──────── AVAILABLE DATA ────────

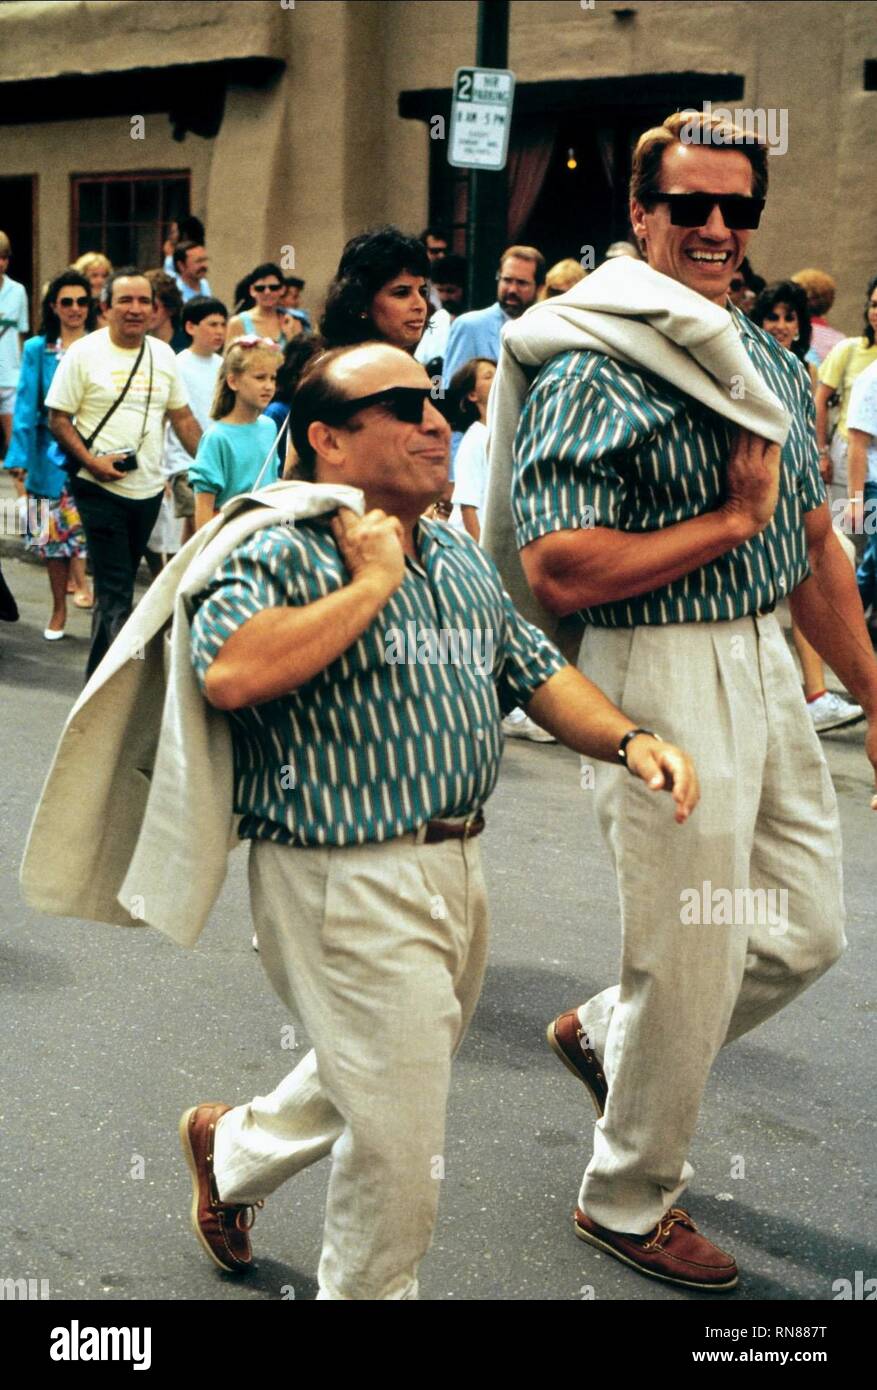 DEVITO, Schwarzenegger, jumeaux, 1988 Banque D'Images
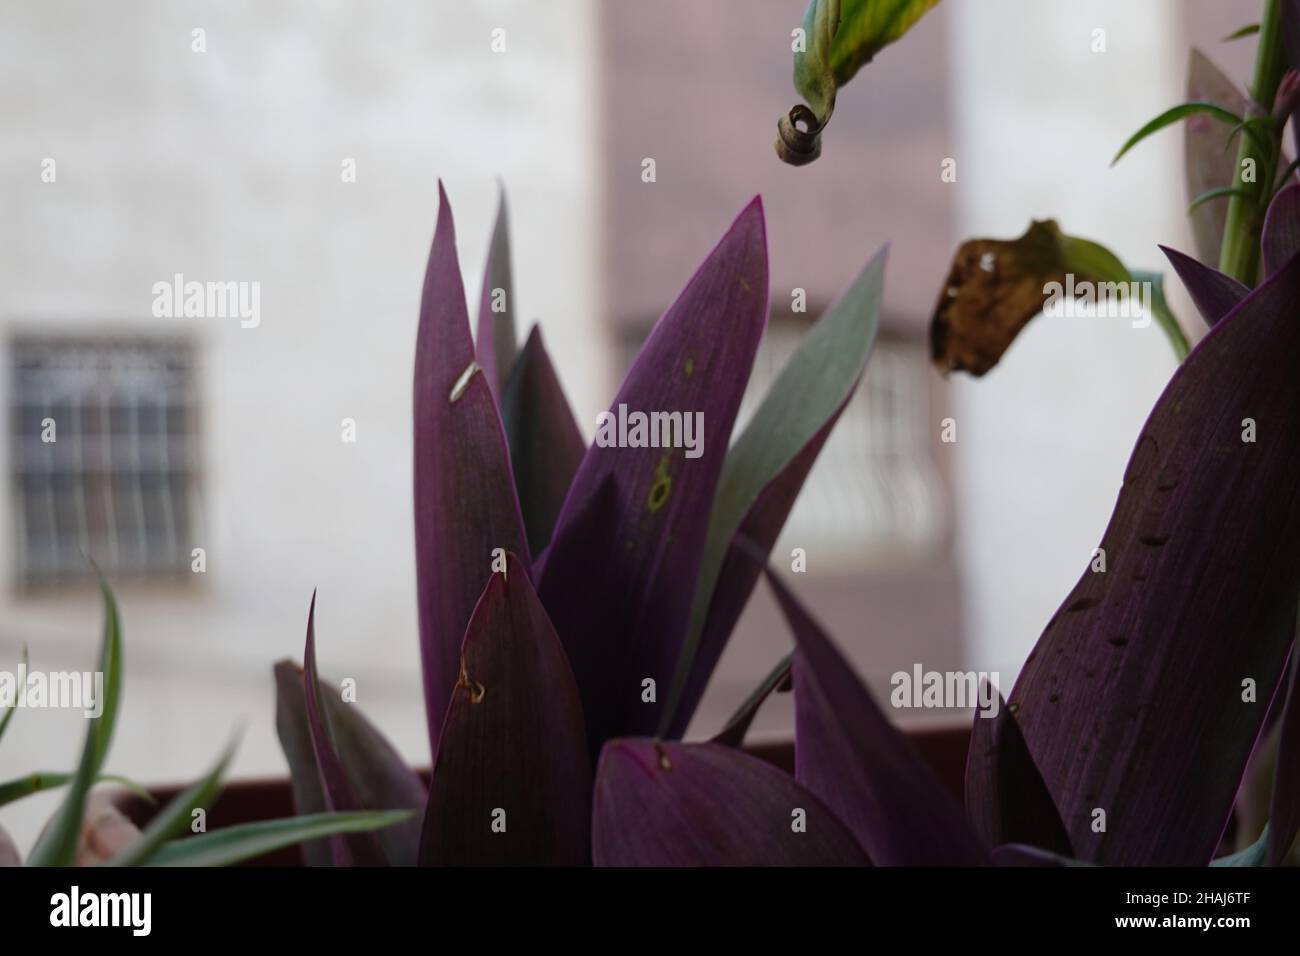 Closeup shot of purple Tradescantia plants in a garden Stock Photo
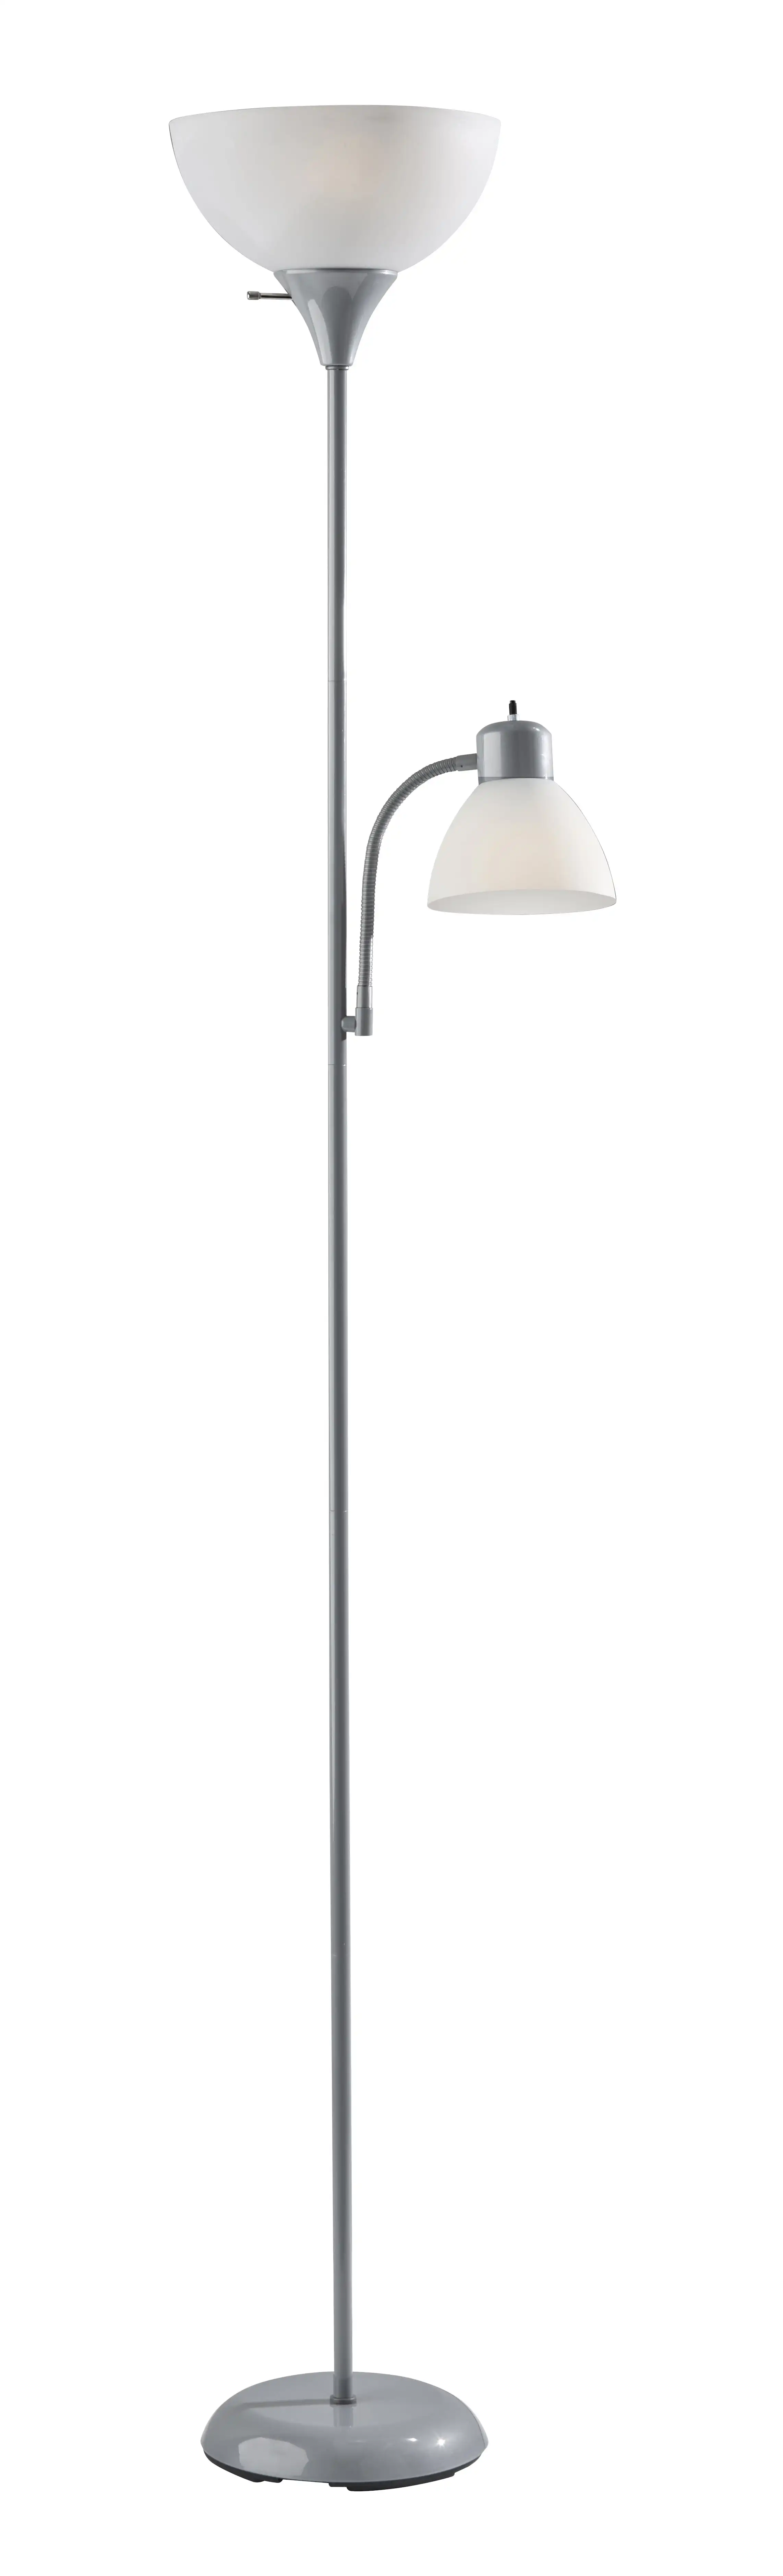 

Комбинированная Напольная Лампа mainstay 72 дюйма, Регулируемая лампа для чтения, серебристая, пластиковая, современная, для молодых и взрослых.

────────

WORK ITEM. Without the pictures, transcribe exactly the lines above from the one containing "Closeup shot of" through the last.

ANSWER BELOW.
 Closeup shot of purple Tradescantia plants in a garden Stock Photo

Комбинированная Напольная Лампа mainstay 72 дюйма, Регулируемая лампа для чтения, серебристая, пластиковая, современная, для молодых и взрослых.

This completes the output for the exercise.